The fact that neither the sensationalism of the 411 percent increase, nor the more balanced “above the national average” have been reported suggest that the government’s wise monkey approach has been aided by spread of “covid fatigue” into the ranks of an already understaffed, beleaguered media. Indeed, the quintessentially beleaguered Chronicle-Herald reported the opposite story, creating the headline “Strang: Death toll below national average” in its August 31 edition.  This is accurate if you count from the beginning of the pandemic in 2020 but is not reflective of what’s been happening since restrictions were eased. 

The ageism thing

In addition to sloppy journalism there is ageism, perpetuated by inclusion in the Province’s weekly updates of the fact that 83 is the average age of those dying from COVID. The unspoken notion that COVID is less of a problem because it mainly kills old people who were going to die soon anyways has been a factor in how the politicians and the media have approached this story from the outset. I wrote about this  here in 2020 when COVID swept through Northwood nursing home.  Then, as now, the concern seemed to be less with the dead than the capacity of hospitals to cope with a widespread outbreak.

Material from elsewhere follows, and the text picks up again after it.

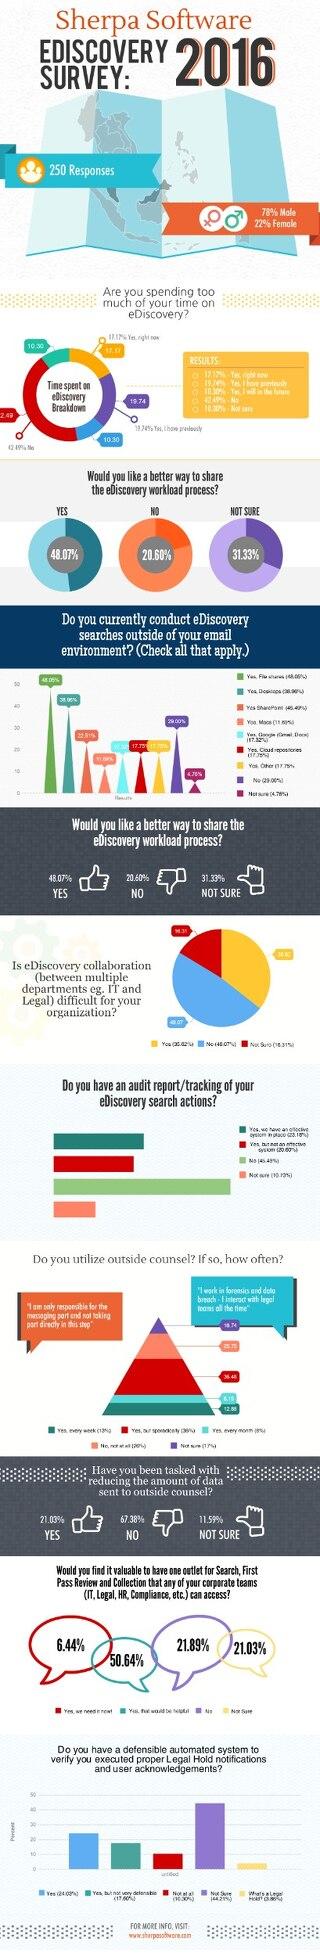 2016 eDiscovery Survey

For a time the tragedy at Northwood and even worse conditions in other provinces put the spotlight on the plight of long term care residents. Internationally Canada received a black eye for having one of the highest rates of COVID deaths in long term care facilities. There was a half-baked inquiry in Nova Scotia, and larger inquests in some other provinces. 

But that attention has shifted with Omicron.  In July the National Institute on Aging (NIA), based in Toronto, gave up trying to keep track of COVID deaths in long term care because provincial governments were not making enough information available. But the government cover-up exposed by the NIA went virtually unnoticed.

In Nova Scotia the authorities don’t seem to have covered up deaths in long term care facilities, but they have made the numbers hard for a COVID-fatigued media to find.    

The curious have to go through the monthly epidemiological reports and add them up. By my calculations there were 113 COVID deaths in long term care between December 2021 and the end of September, 2022. That’s nearly double the 62 deaths – including 53 at Northwood – reported during the first 21 months of the pandemic. You may be reading it here first.

Avoiding the Dead   

An imaginative attempt to attract public and political attention to the post-restriction death toll played out late this summer prior to the Aug. 30 meeting of the legislature’s health committee, called to hear from Dr. Strang and other officials on the topic of vaccines. According to the CBC, on August 30 legislators were greeted by a string of 492 red and white paper hearts mounted on the fence surrounding Province House.

The hearts were put there by Protect our Province Nova Scotia (PoPNS), to commemorate the 492 citizens who, to that point, had succumbed to the virus. PoPNS (there are similar PoPs in some other provinces) want the government to re-introduce some public health measures (masking, physical distancing)  and improve the lagging vaccination uptake. Aside from the CBC, their efforts didn’t receive much media attention  and the demonstration  doesn’t seem to have made an impact on the meeting that followed.

Pro-forma condolences for a few that marked the early days of the pandemic did not translate, months later, into an expression of sympathy for the many who had died since. In the Hansard account of the meeting the word “deaths” appeared only a couple of times.

Dr. Strang reiterated public health recommendation for Nova Scotians to make the “personal choice” to wear masks in crowded public spaces and stay up to date on vaccines. But two other things he said stand out.

First, he called for Nova Scotians to take “a balanced approach” to the virus.“You have to respect COVID-19, realize it’s here, but you don’t have to be paralyzed by fear, and you need to find that middle ground.” Secondly, he noted  “ it’s an unfortunate fact of COVID-19 that people who are elderly, often with multiple co-morbidities, are at extreme risk.” Translation: unless you are old and infirm, don’t worry too much about COVID – the government’s Omicron message in a nutshell.